In this lab exercise, we will use a pretrained word embedding for our text classification task, instead of training our own embedding layer. 

## Setup

In [None]:
import io
import os
import shutil
import numpy as np
import tensorflow as tf

### Download the IMDb Dataset

Download the dataset using Keras file utility and do the clean-up as before

In [None]:
url = "https://ai.stanford.edu/~amaas/data/sentiment/aclImdb_v1.tar.gz"

dataset = tf.keras.utils.get_file("aclImdb_v1.tar.gz", url,
                                    untar=True, cache_dir='.',
                                    cache_subdir='')

dataset_dir = os.path.join(os.path.dirname(dataset), 'aclImdb')
train_dir = os.path.join(dataset_dir, 'train')

In [None]:
remove_dir = os.path.join(train_dir, 'unsup')
shutil.rmtree(remove_dir)

Next, create a `tf.data.Dataset` using `tf.keras.preprocessing.text_dataset_from_directory`. 

Use the `train` directory to create both train and validation datasets with a split of 20% for validation.

In [None]:
batch_size = 1024
seed = 123
train_ds = tf.keras.preprocessing.text_dataset_from_directory(
    'aclImdb/train', batch_size=batch_size, validation_split=0.2, 
    subset='training', seed=seed)
val_ds = tf.keras.preprocessing.text_dataset_from_directory(
    'aclImdb/train', batch_size=batch_size, validation_split=0.2, 
    subset='validation', seed=seed)

In [None]:
AUTOTUNE = tf.data.AUTOTUNE

train_ds = train_ds.cache().prefetch(buffer_size=AUTOTUNE)
val_ds = val_ds.cache().prefetch(buffer_size=AUTOTUNE)

## Text preprocessing

We then initialize a TextVectorization layer with the desired parameters to vectorize our movie reviews.

In [None]:
# Vocabulary size and number of words in a sequence.
VOCAB_SIZE = 10000
MAX_SEQUENCE_LENGTH = 200

# Use the text vectorization layer to normalize, split, and map strings to 
# integers. 
# Set output_sequence length as all samples are not of the same length.
vectorize_layer = tf.keras.layers.TextVectorization(
    max_tokens=VOCAB_SIZE,
    output_mode='int',
    output_sequence_length=MAX_SEQUENCE_LENGTH)

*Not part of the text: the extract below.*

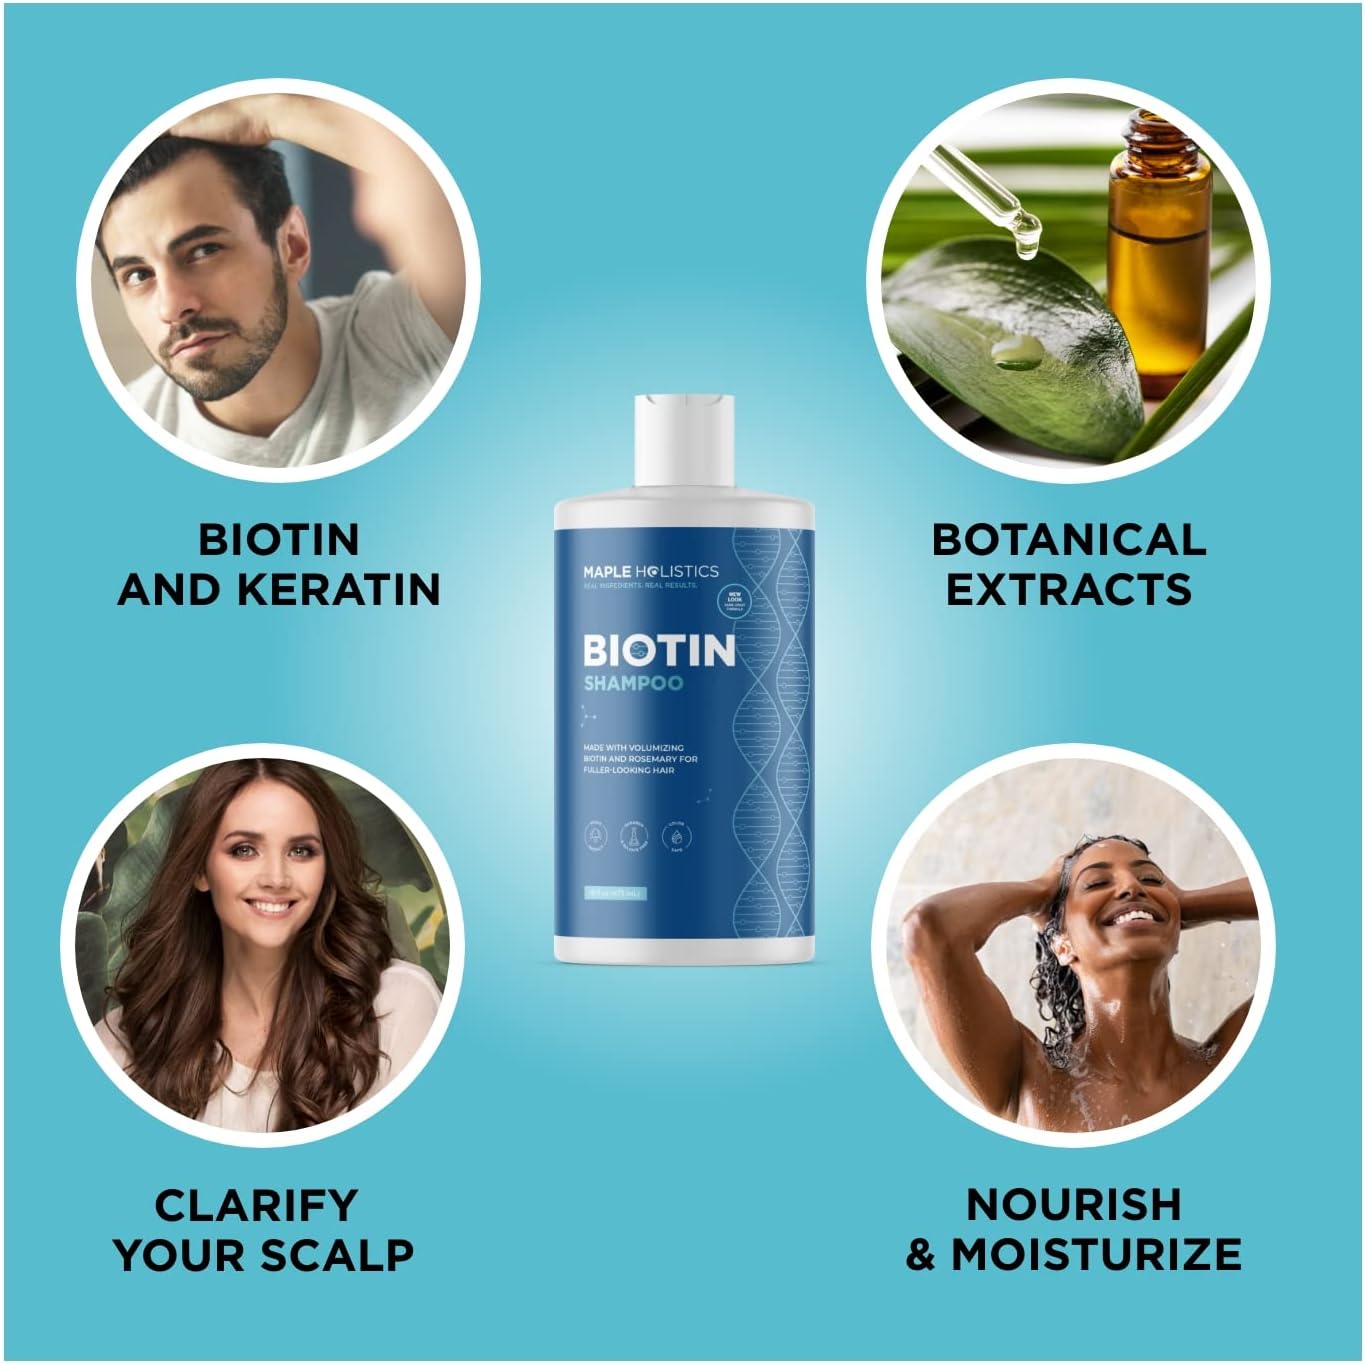 Shampoo for Thinning Hair and Hair Loss - Volumizing Biotin Shampoo for Hair Growth with Rosemary Argan Oil and Evening Primrose Oil - Sulfate Free Anti Dandruff Shampoo for Itchy Scalp and Hair Care

# Make a text-only dataset (no labels) and call adapt to build the vocabulary.
text_ds = train_ds.map(lambda x, y: x)
vectorize_layer.adapt(text_ds)

## Getting the pre-trained embedding model

We will use the pre-trained GloVe embeddings available from [stanford site](https://nlp.stanford.edu/projects/glove/). The original zip file contains embedding of different dimensions (e.g. 50d, 100d, 200d, etc) and is more than 800MB in file size. To save downloading time, we have made a copy of 50d GloVe file available on our course website for download. If you want to experiment with other embedding dimensions, please feel free to download from the stanford site.


In [None]:
glove_url = 'https://nyp-aicourse.s3-ap-southeast-1.amazonaws.com/pretrained-models/glove.6B.50d.zip'

glove_files = tf.keras.utils.get_file("glove.6B.50d.zip", glove_url,
                                    extract=True, cache_dir='.',
                                    cache_subdir='')

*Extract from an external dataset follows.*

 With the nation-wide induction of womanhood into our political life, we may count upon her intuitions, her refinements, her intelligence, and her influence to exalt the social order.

## Load the Embedding layer

In the code below, we read the embeddings from the download file line by line to create the embeddings index and then initialize the Keras embedding layer with this embeddings index.

In [None]:
# Load up the GloVe word embedding data

EMBEDDING_DIM = 50

print("Loading GloVe Word Embedding...")
embeddings_index = {}
with open('glove.6B.50d.txt', encoding="utf8") as f:
    for line in f:
        values = line.split()
        word = values[0]
        coefs = np.asarray(values[1:], dtype='float32')
        embeddings_index[word] = coefs
    f.close()

Let's print out the embedding for the word `happy`.

In [None]:
embeddings_index['happy']

In [None]:
# Construct the word embedding matrix that will be used in the Embedding layer.
vocab = vectorize_layer.get_vocabulary()
glove_embedding_matrix = np.zeros((len(vocab), EMBEDDING_DIM))
for i, word in enumerate(vocab):
    embedding_vector = embeddings_index.get(word)
    if embedding_vector is not None:
        glove_embedding_matrix[i] = embedding_vector

In [None]:
vocab_size = len(vocab)
embedding_layer = tf.keras.layers.Embedding(VOCAB_SIZE, 
                            EMBEDDING_DIM, 
                            input_length = MAX_SEQUENCE_LENGTH,
                            weights=[glove_embedding_matrix],  
                            trainable=False)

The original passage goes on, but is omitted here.